Читать «Марк Таугер о голоде, геноциде и свободе мысли на Украине» онлайн - страница 21

Марк Б. Таугер

Во-вторых, правительство предприняло конкретные меры по обеспечению нескольких сотен тысяч крестьян продовольствием. Вполне очевидно, что помогая менее чем 20 % всего населения регионов, пострадавших от неурожая, правительство не включило в программу помощи всех, нуждавшихся в пище. Этот факт подтверждается и усилиями чиновников на местах, старавшихся так распределить ресурсы, чтобы накормить больше людей, чем было предусмотрено планом. Задержки бюрократического характера, непредвиденные вмешательства со стороны центральных органов советской власти и, естественно, неурожай — все эти факторы препятствовали выполнению программы помощи.

Тем не менее учреждения и чиновники всех уровней действительно оперативно и организованно реагировали на ситуацию. Они достойно выполняли работу, ставили перед собой только достижимые цели и реализовывали их. Среди стоявших перед ними задач было повышение объемов сельскохозяйственного производства, но сорвано оно было не сопротивлением крестьян (в форме сокращения посевных площадей), а экстремальными погодными условиями. Более того, как уже отмечалось, осенью 1928-го и весной 1929-го крестьяне в действительности засеяли существенно больше площадей, чем ранее.

В-третьих, в вопросах поставки продовольствия в 1928–1929 гг. Украина вовсе не выполняла роль сырьевой колонии для России, как утверждал в свое время Волобуев. Как уже отмечалось, во время этого кризиса и голода Украина получила больше продовольствия, чем вывезла в другие республики. Несмотря на то что этот единичный пример неспособен полностью опровергнуть аргументы Волобуева, он вполне показателен. В данном случае советские власти пошли на существенные уступки Украине, отреагировав на, несомненно, природный катаклизм, и передали из России в Украину необходимые ресурсы для оказания продовольственной помощи и восстановления сельского хозяйства.
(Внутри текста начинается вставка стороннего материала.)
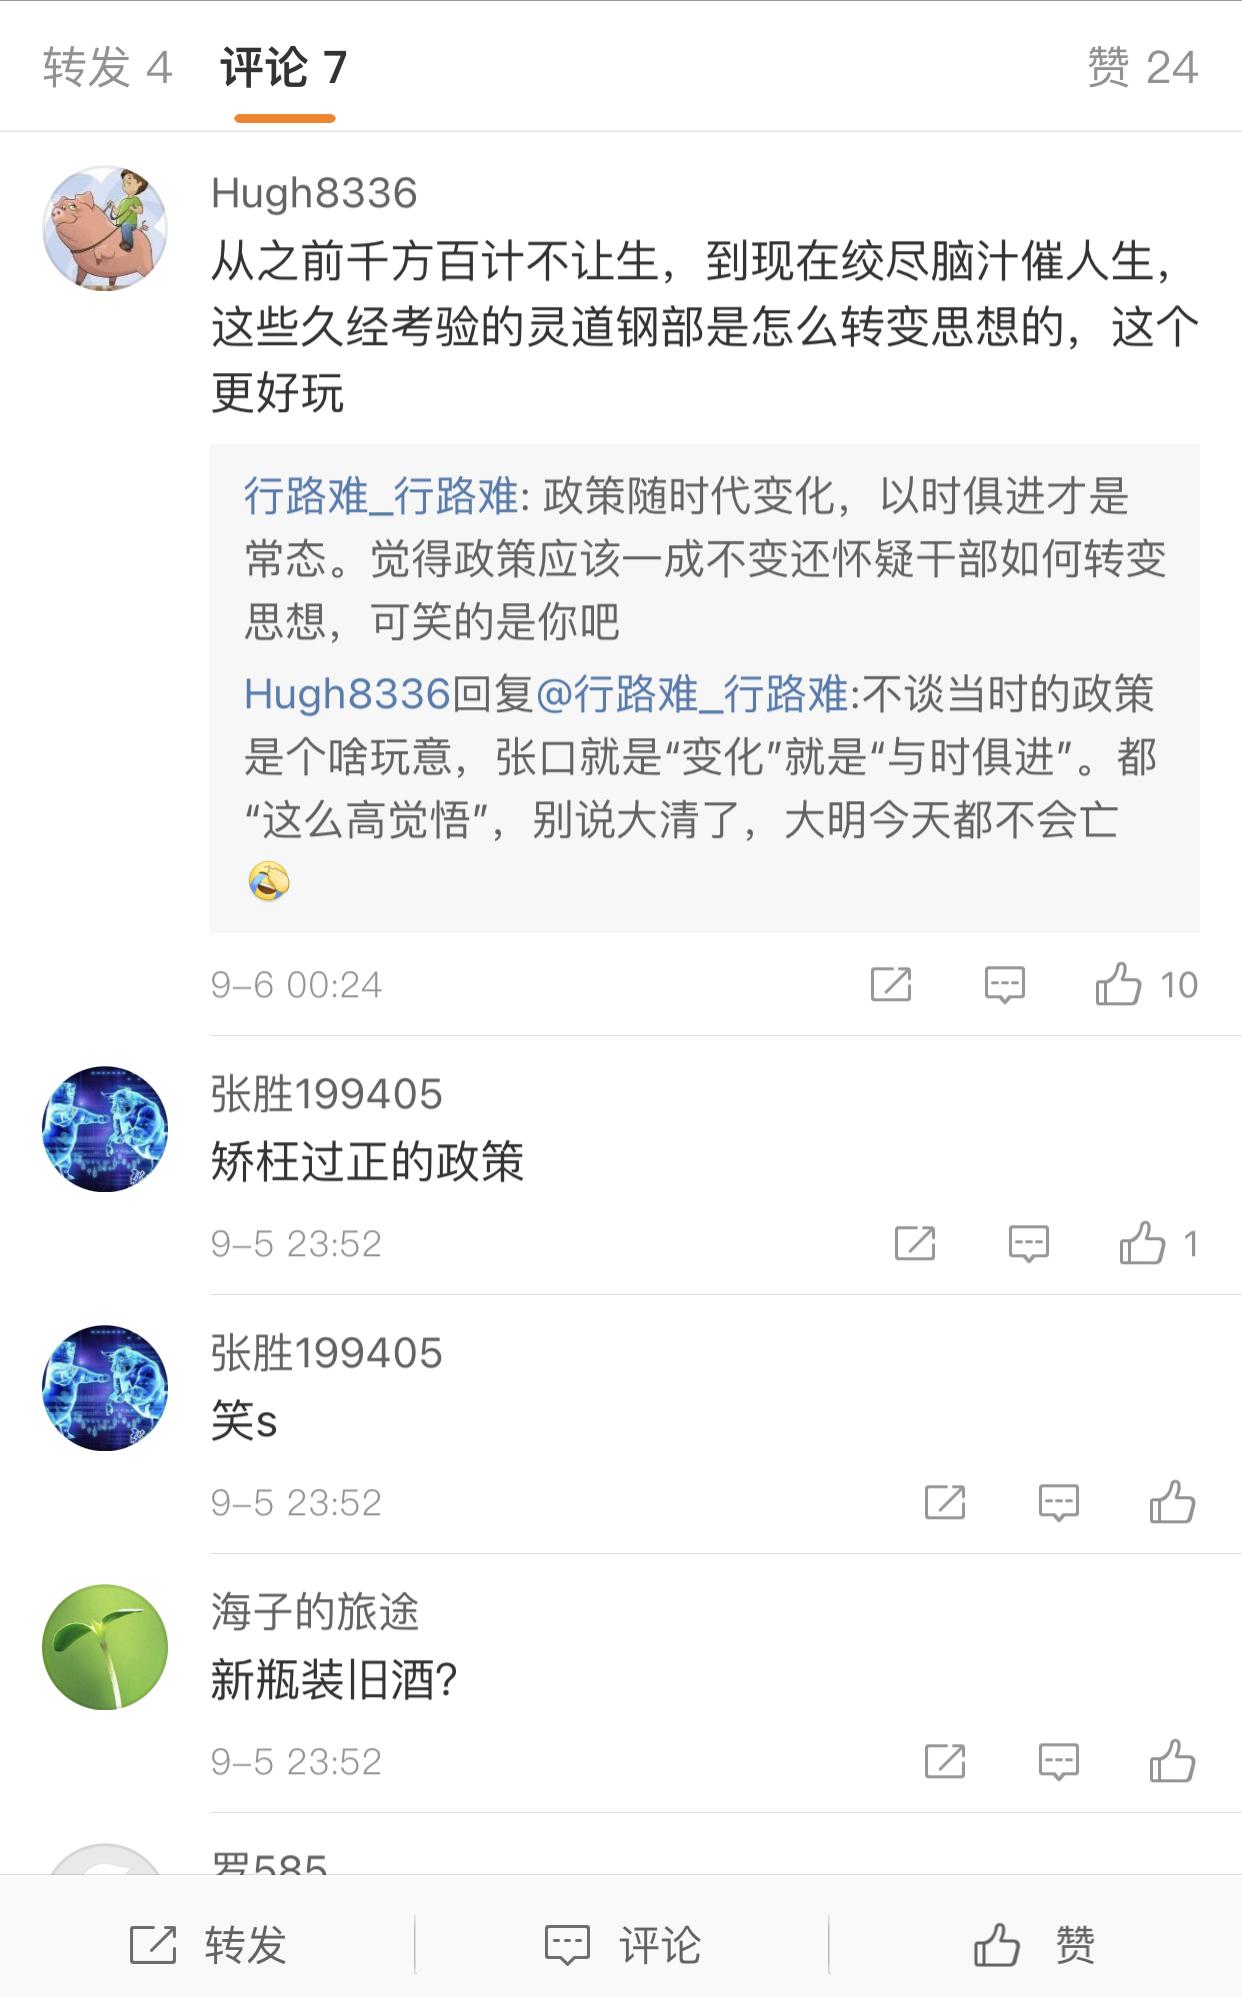 網民熱議中國的計生政策。(微博截圖)

Во многих работах, посвященных советскому режиму и крестьянству, упор делается на карательном и эксплуататорском характере политики правительства и воплощении ее в жизнь чиновниками. Авторы этих работ утверждают, что подобная практика укоренилась во времена гражданской войны, пошла на убыль во времена нэпа, но затем возродилась во время зернового кризиса и стала единственным вариантом отношений между крестьянами и государством — базовым элементом советского тоталитаризма, фундаментально отличающимся от «нормального» государства.

Представленные в данной работе свидетельства открывают перед читателем другую грань советского режима — обеспокоенность необходимостью смягчить страдания (а вовсе не создавать их), особенно в период зернового кризиса. Это правда, что ведомства по оказанию помощи в 1928–1929 гг. действительно пытались ограничить размеры помощи беднейшему крестьянству, кормящим матерям и новорожденным. С одной стороны, это выглядит как жестокость, но некоторые западные организации по оказанию помощи во время голода 1921–1923 гг. использовали этот же принцип. Например, менониты, оказывавшие помощь в Украине, отказывались помогать тем, у кого были хоть какие-нибудь активы, к примеру лошадь. Такая политика стала отражением существовавшего дефицита продуктовых запасов, который испытывали упомянутые учреждения, и подобная ситуация была характерна для страны в целом, в оба периода голода.